Sibanye-Stillwater says it remains committed to fair wages and supports a “dignified standard of living” after entry-level salaries in the South African operations rose to more than R28,110 in 2025.
The primary producer of platinum, palladium and gold said in its 2025 integrated annual report released on Friday that the monthly wages of entry-level category 4 underground employees in its South African operations, including guaranteed cost to company, rose from R27,248 in 2024.
“Various long-term wage agreements have been concluded at our South African operations over the past five years. During this period, entry-level category 4 employees have achieved real wage increases of 15% above the cost of living, inclusive of guaranteed cost-to-company, reflecting our commitment to fair and equitable remuneration,” it said.
The group also increased the pay of CEO Richard Stewart, who took over from Neal Froneman in October 2025. Stewart, who had served as chief regional officer for Southern Africa, was awarded R28.6m. Founding CEO Froneman, who retired in 2025, was awarded R73.73m linked to his salary, cash bonuses, share awards and the strong performance of the share price.
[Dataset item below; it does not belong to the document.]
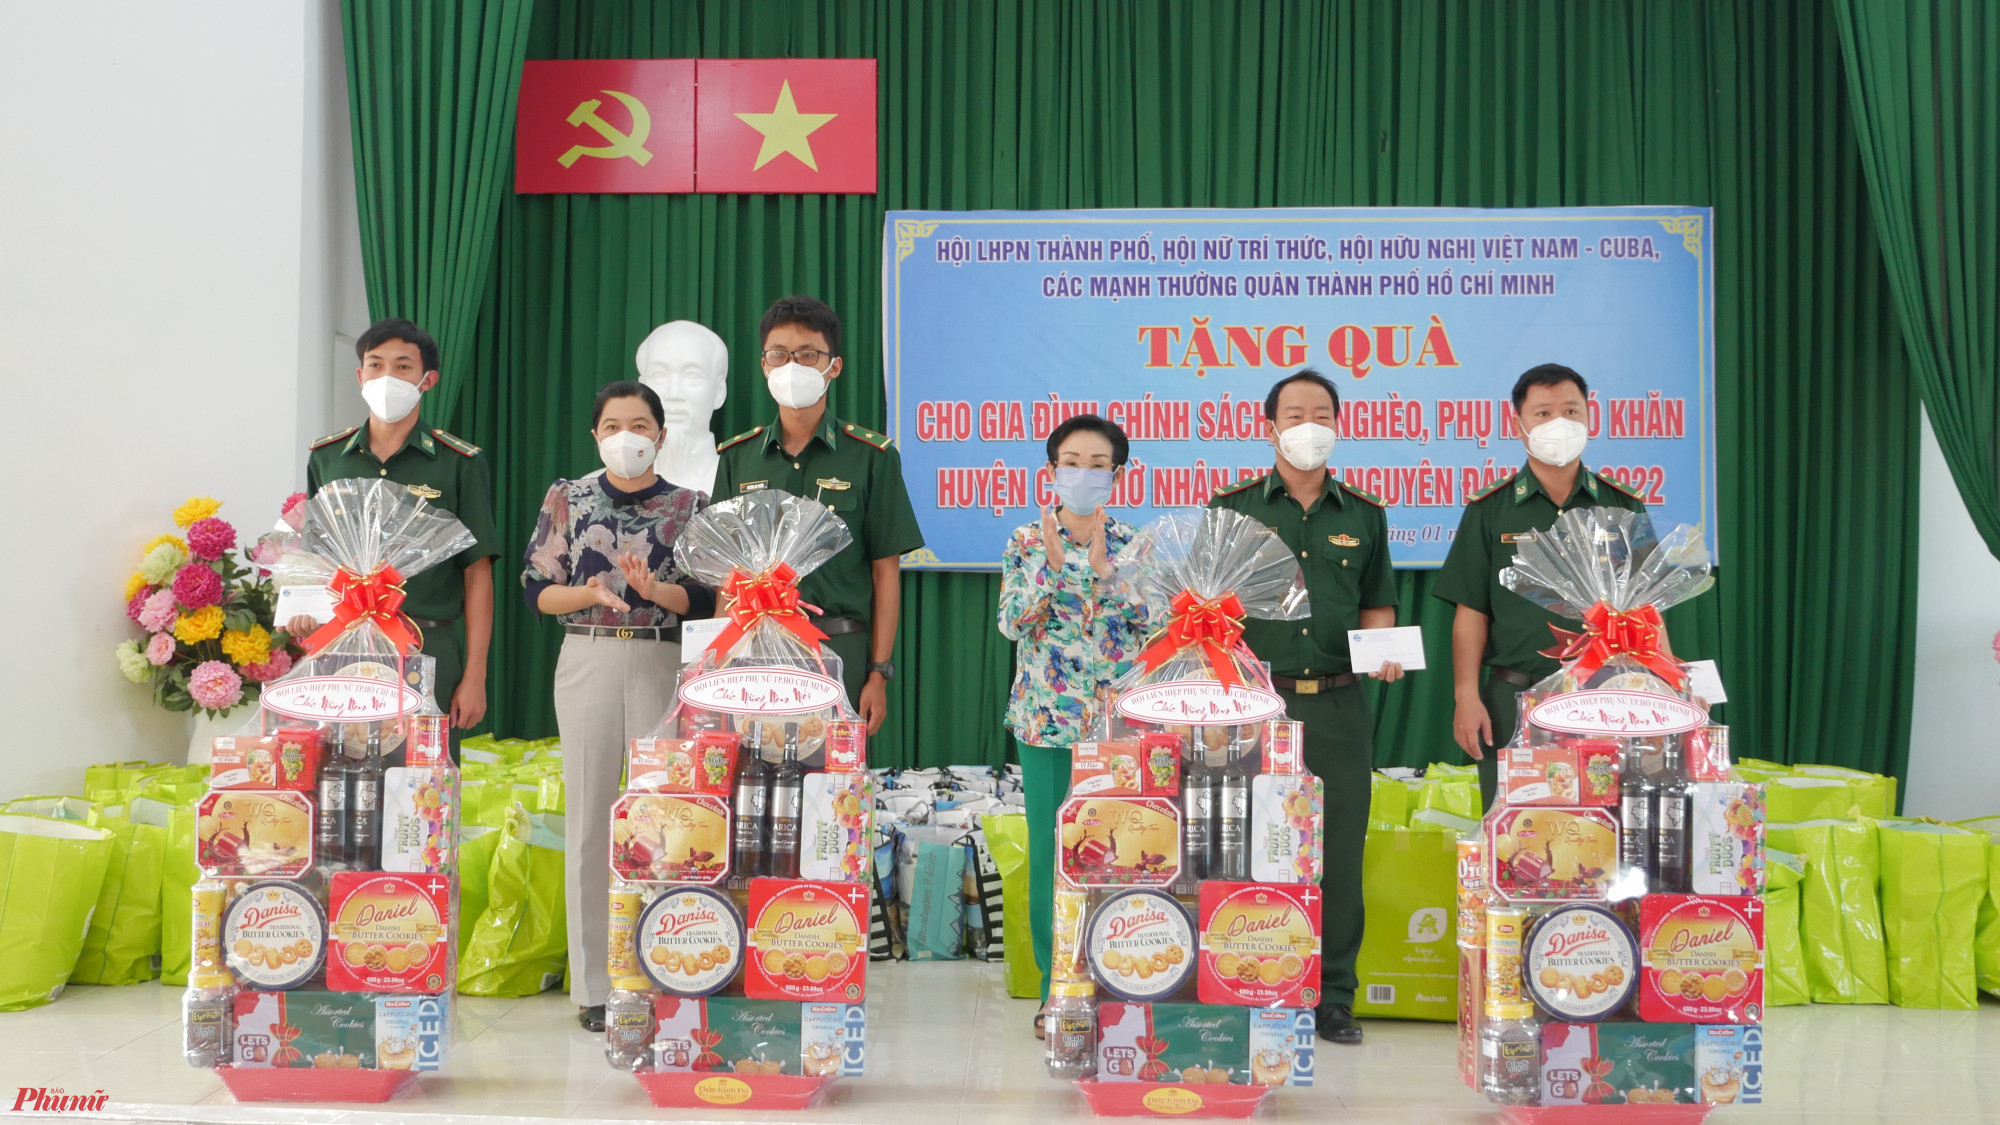 Dịp này, Hội trao tặng 4 phần quà đến các đơn vị Đồn biên phòng tại huyện Cần Giờ.

Sibanye said that while South Africa had a high Gini coefficient — a measure of economic inequality that ranks South Africa among the worst — the equitable income distribution across its footprint, which includes the US and Australia, was more equitable.
“This underscores the group’s role in providing inclusive economic opportunities, particularly in a country where broader income inequality remains elevated,“ it said.
It is most encouraging to see the group’s first major greenfield project nearing completion.
— Sibanye-Stillwater annual report
Spun off from Gold Fields in 2012 and pivoted from a gold player to a diversified precious metals producer, Sibanye said it was positioned to meet demand for critical minerals required for the energy transition thanks to its strategy to expand its footprint in the European and North American markets.
It said further legislation was being considered in parts of North America and Europe to incentivise local production across all stages of the mineral value chain, paving the way for Sibanye to be at the forefront of the global energy transition.
“We are uniquely positioned to supply these metals responsibly — through primary mining, secondary mining and recycling — embracing the circular economy and building partnerships across the value chain,“ said the annual report.
Critical minerals needed for the transition to a green economy include lithium, nickel, cobalt and copper.
Critical mineral producers are benefiting from tax credits in countries such as the US, which incentivise critical mineral production and processing.
Sibanye-Stillwater, whose strategy aims for a high-performing future-looking business focused on shareholder returns, said its Keliber lithium project in Finland had advanced significantly during 2025, after a capex injection of €299m.
“It is most encouraging to see the group’s first major greenfield project nearing completion. Construction, including cold commissioning, is approaching full completion; and the first mining blast at the Syväjärvi open pit took place in February 2026,” said the group.
Lithium prices were up 28% in 2025, buoyed by global growth in battery electric vehicle (BEVs) production of 28% in 2025 from 8% in 2024.
The group expects a robust lithium market in the year ahead, saying demand for 2026 is forecast to increase 19% from 2025 levels — most of this growth again resulting from greater demand for automotive batteries.
New projects remain well placed to meet market requirements in the next few years, under the right price conditions. Considering current projections for BEV penetration and BESS capacity, significant investment in new lithium supply will be required to meet forecast demand over the next decade
— Sibanye-Stillwater
Sibanye said the Zimbabwean government’s recent lithium concentrate export ban could materially tighten the lithium market, presenting prolonged price support.
“New projects remain well placed to meet market requirements in the next few years, under the right price conditions. Considering current projections for BEV penetration and BESS capacity, significant investment in new lithium supply will be required to meet forecast demand over the next decade,” it said.
Sibanye-Stillwater removed a legal hurdle after signing a settlement with Appian Capital, paying $215m (R3.57bn) to settle the dispute from its termination of a 2021 acquisition agreement for the Santa Rita nickel and Serrote copper mines.
The group had a solid 2025 after revenue rose 16% to R129.7bn, driven by platinum group metals (PGM) and gold performance in 2025. It reported better free cash flow and profitability while its debt was reduced to R22.1bn.
Ebitda (earnings before interest, taxes, depreciation, and amortisation), from the South African PGM operations more than doubled to R16.68bn, on the strong second-half recovery in 4E PGM basket prices, while revenue increased 19% to R60.88bn despite lower third-party concentrate volumes processed at Marikana due to heavy rainfall and the transition between tailings storage facilities.
South African gold revenue increased 19% to R37.06bn, driven by a 39% higher rand gold price, partly offset by lower volumes mainly due to operational disruptions at Kloof. Despite cost pressures, adjusted ebitda more than doubled to R12.51bn, benefiting from record rand gold prices in 2025.
Sibanye-Stillwater said while hybrid vehicles would extend the internal combustion engine era, the proportion of vehicles using internal combustion engines was forecast to decline steadily as BEV numbers increased.